The Effects of Communication Burstiness on Consensus Formation and Tipping Points in Social Dynamics
Casey Doyle, Boleslaw Szymanski, Gyorgy Korniss

TL;DR
This paper investigates how bursty human communication patterns, characterized by high probabilities of rapid interactions, influence opinion consensus and tipping points in social dynamics, revealing that short-interval activity density significantly impacts group dominance.
Contribution
It demonstrates that burstiness, especially the density of short waiting times, affects opinion competition and consensus formation in social models, extending understanding beyond traditional Poisson assumptions.
Findings
Higher density of short waiting times favors a group's opinion.
Burstiness reduces the fraction of committed individuals needed for consensus.

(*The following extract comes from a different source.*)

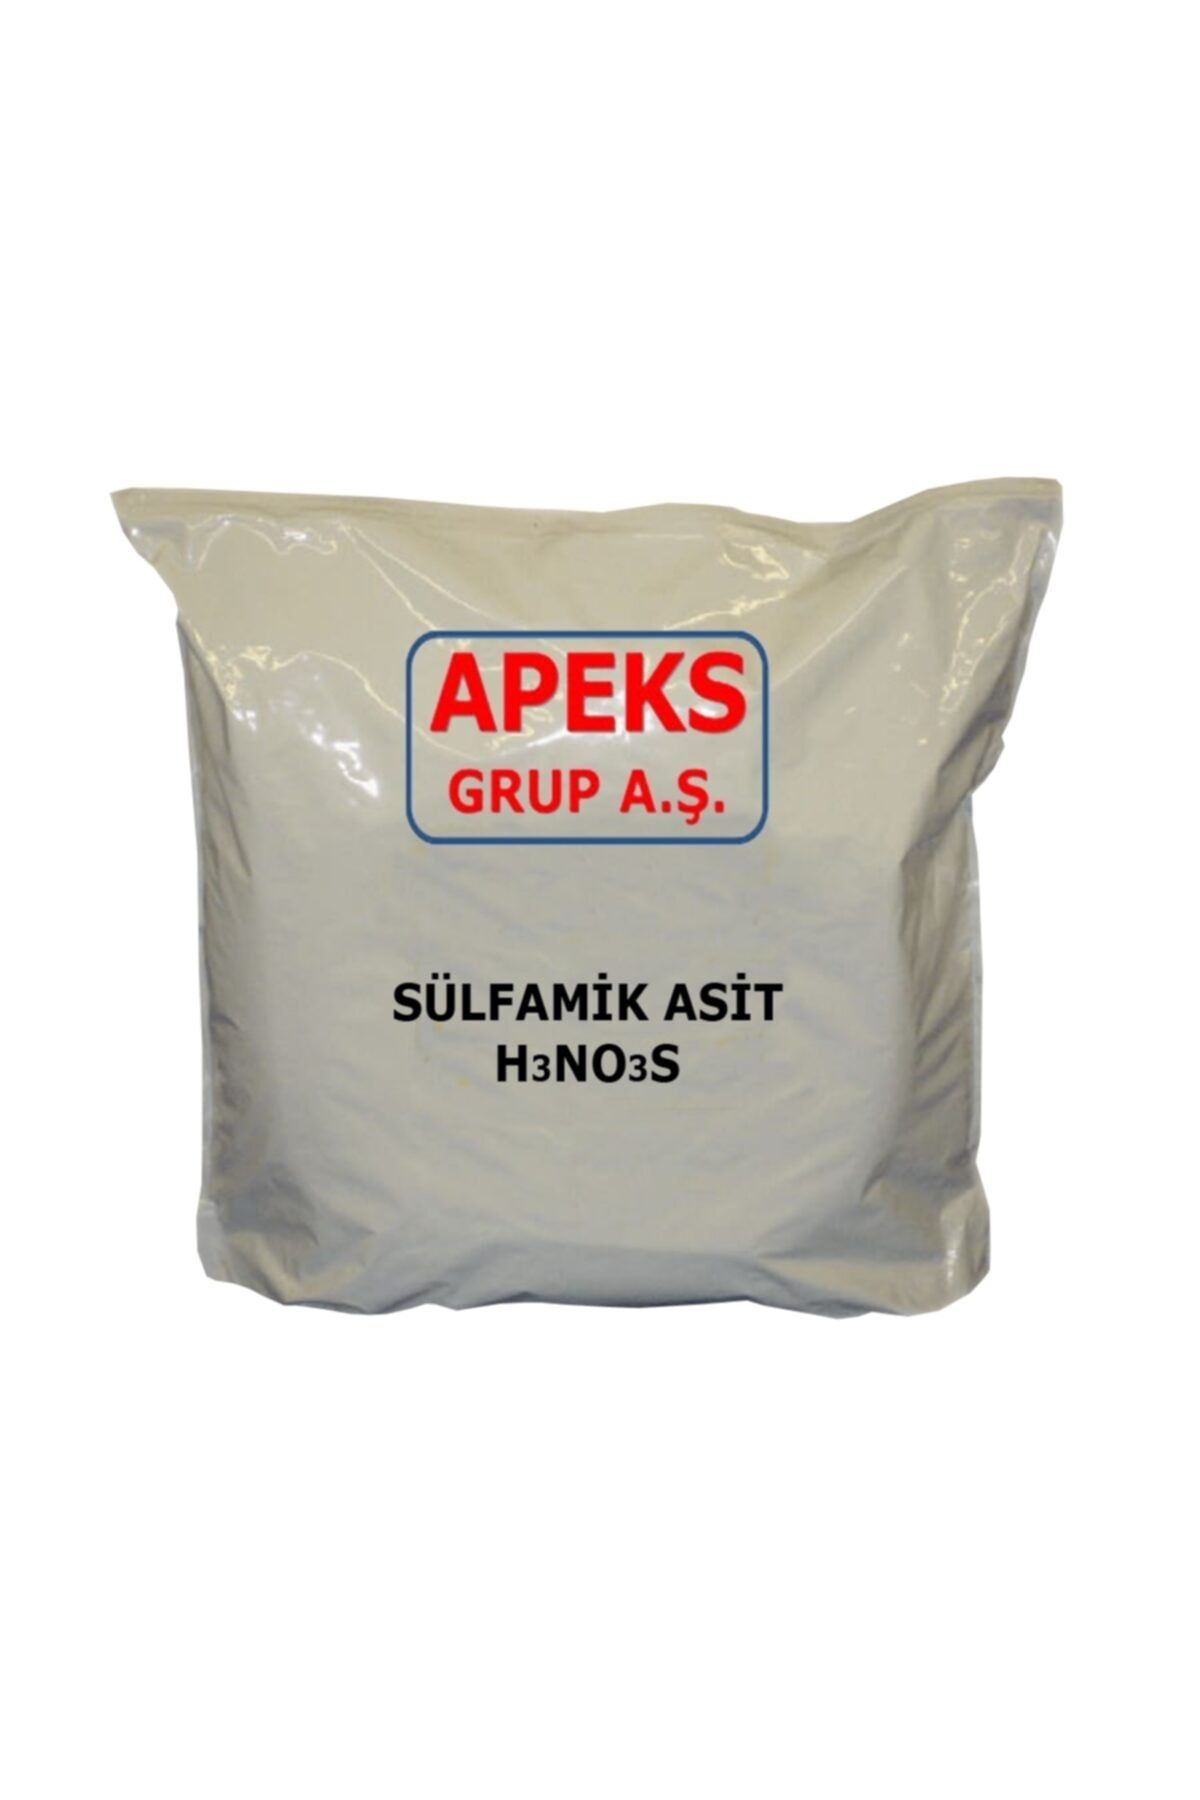 APEKS Sülfamik Asit - H3no3s - 1 kg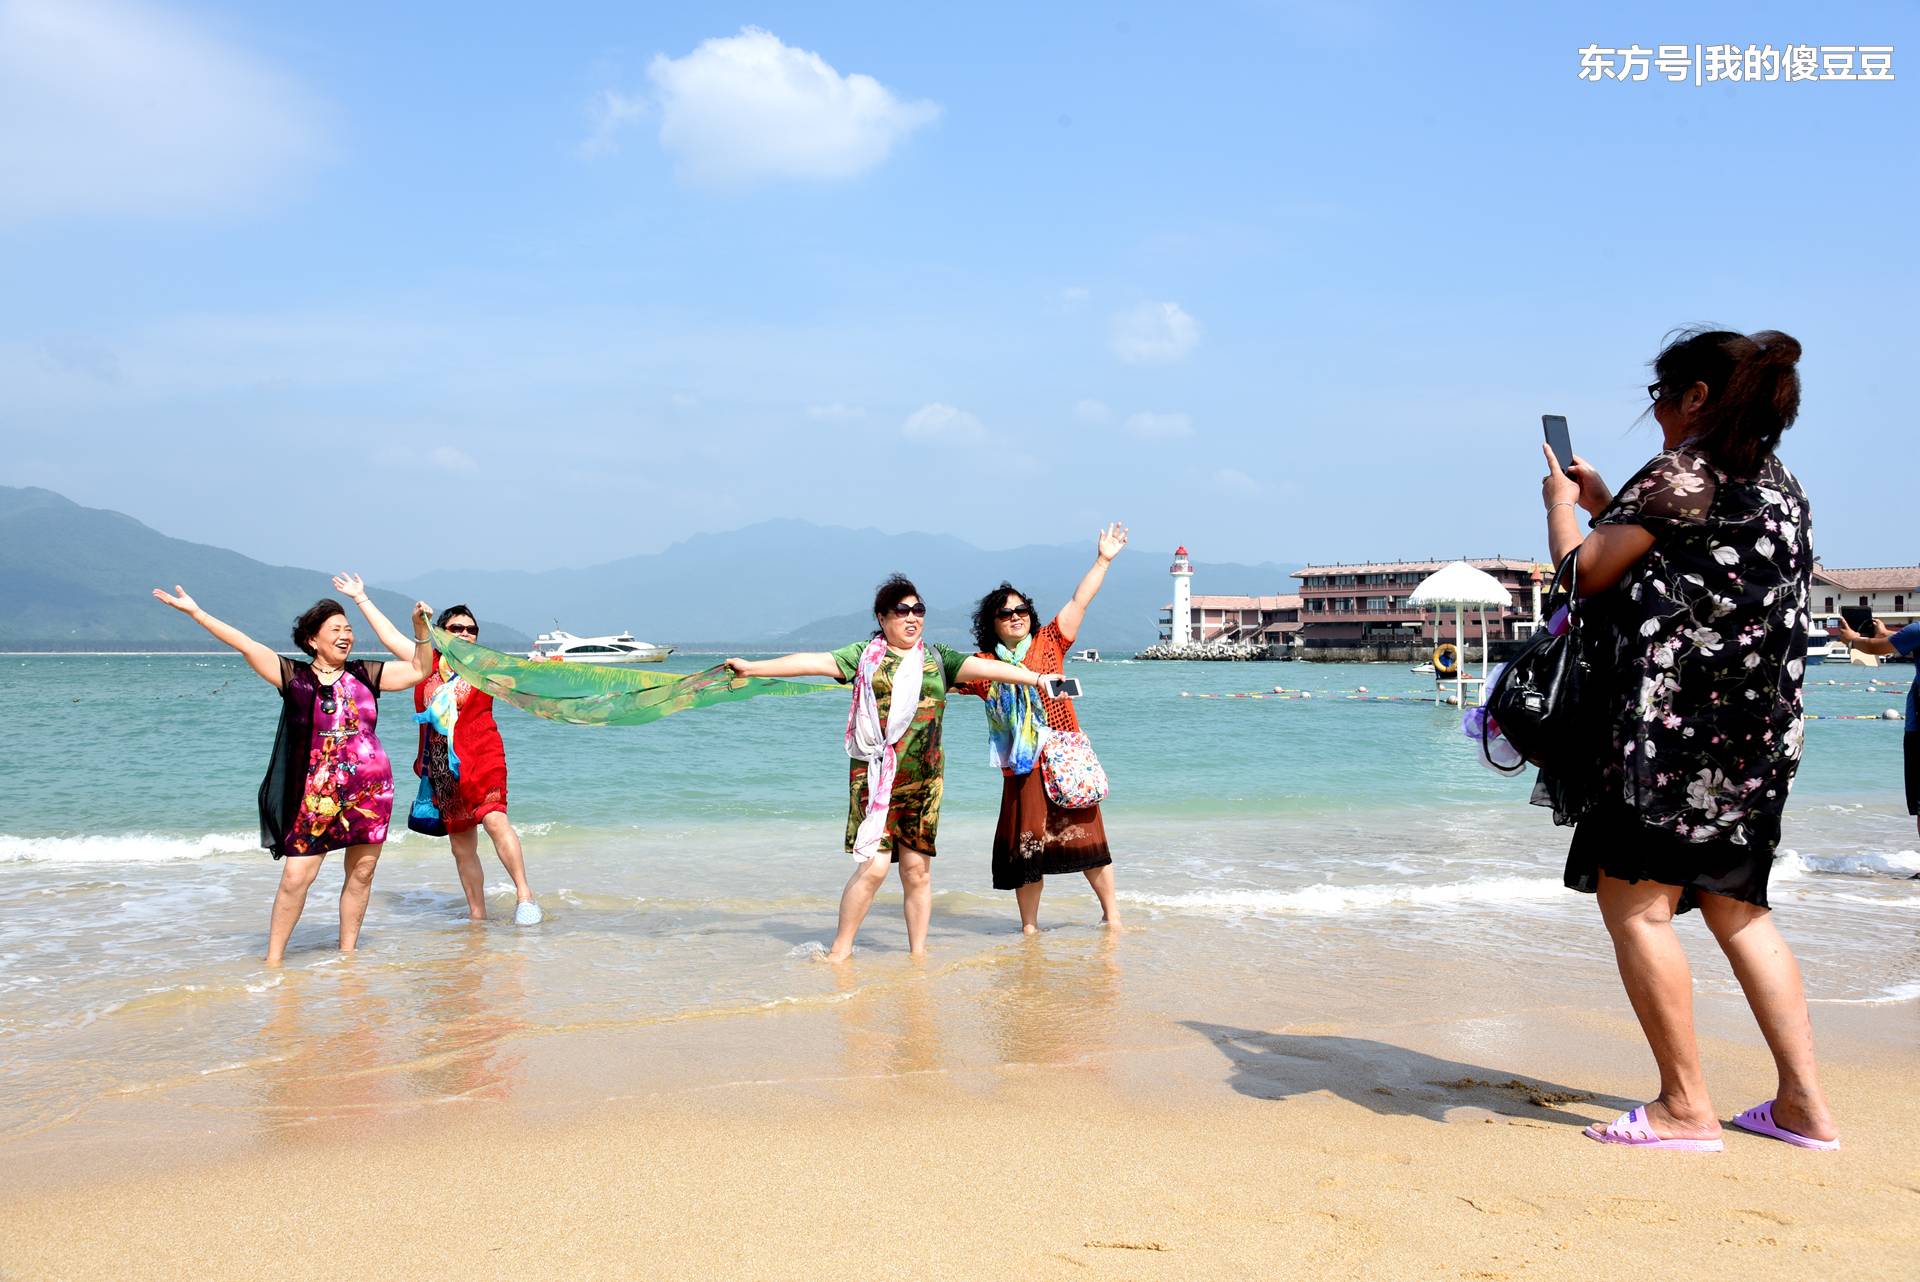 游客在海滩拍照爱用丝巾 阿姨为摆姿势全身湿透(4) 第4页

Early-time burstiness can be quantified by the expected number of rapid activations.
Abstract
Current models for opinion dynamics typically utilize a Poisson process for speaker selection, making the waiting time between events exponentially distributed. Human interaction tends to be bursty, though, having higher probabilities of either extremely short waiting times or long periods of silence. To quantify the burstiness effects on the dynamics of social models, we place in competition two groups exhibiting different speakers' waiting-time distributions. These competitions are implemented in the binary Naming Game, and show that the relevant aspect of the waiting-time distribution is the density of the head rather than that of the tail. We show that even with identical mean waiting times, a group with a higher density of short waiting times is favored in competition over the other group. This effect remains in the presence of nodes holding a single opinion that never changes, as…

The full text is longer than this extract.